In what is being described as a "national outbreak of hate," the Southern Poverty Law Center (SPLC) said Tuesday that in the 10 days following the election of Donald Trump, there were 867 documented hate incidents, such as graffiti, verbal harassment, and in some cases physical violence.
The SPLC and a number of national rights groups that spoke to reporters Tuesday attribute the uptick in discriminatory harassment to the divisive rhetoric of the Trump campaign and a failure on the part of the president-elect to strongly condemn such actions.

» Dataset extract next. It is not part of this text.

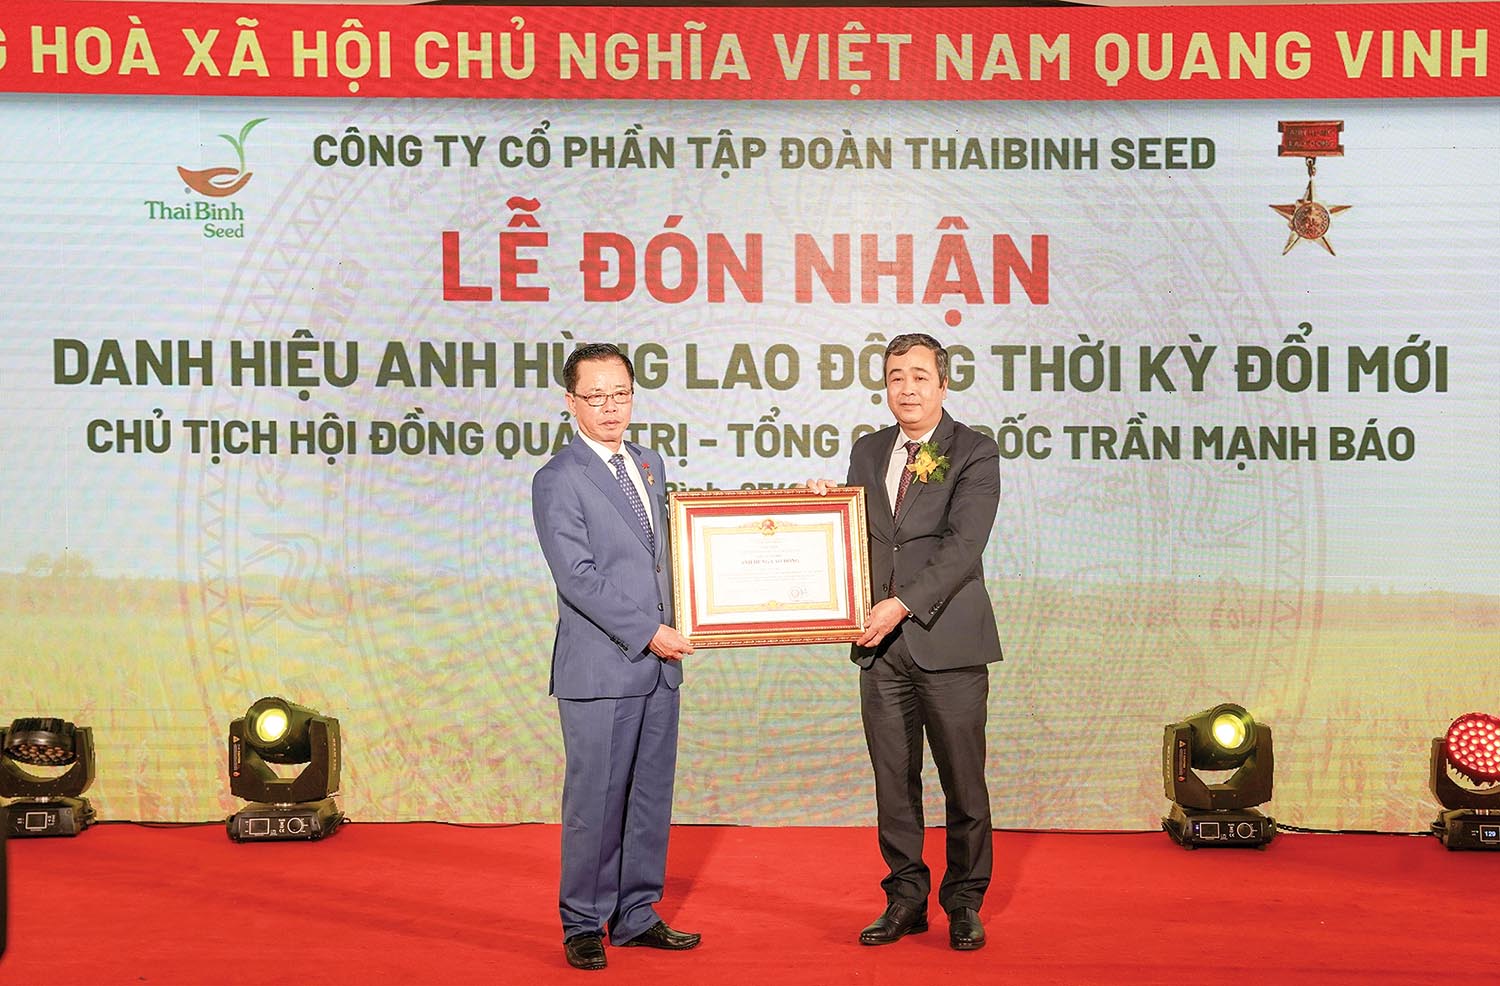 Ông Trần Mạnh Báo, Chủ tịch HĐQT, Tổng giám đốc Tập đoàn ThaiBinh Seed: Đồng hành không nghỉ cùng “người nông dân mới” - ảnh 1

"Mr. Trump claims he's surprised his election has unleashed a barrage of hate across the country," said SPLC president Richard Cohen. "But he shouldn't be. It's the predictable result of the campaign he waged. Rather than feign surprise, Mr. Trump should take responsibility for what's occurring, forcefully reject hate and bigotry, reach out to the communities he's injured, and follow his words with actions to heal the wounds his words have opened."
Confirming an observed rise in harassment following the election, SPLC produced a report titled Ten Days After (pdf) that combines submissions to the group's #ReportHate page with media accounts. Incidents were reported in every state with the exception of North Dakota, South Dakota, Hawaii, and Wyoming.
Wade Henderson, president of the Leadership Conference on Civil and Human Rights, said Trump needs to do more than tell his supporters to "Stop it," as he did during his recent "60 Minutes" interview. Trump "needs to lead by example in both words and in deed," Henderson said. "The nation—and the world—are watching."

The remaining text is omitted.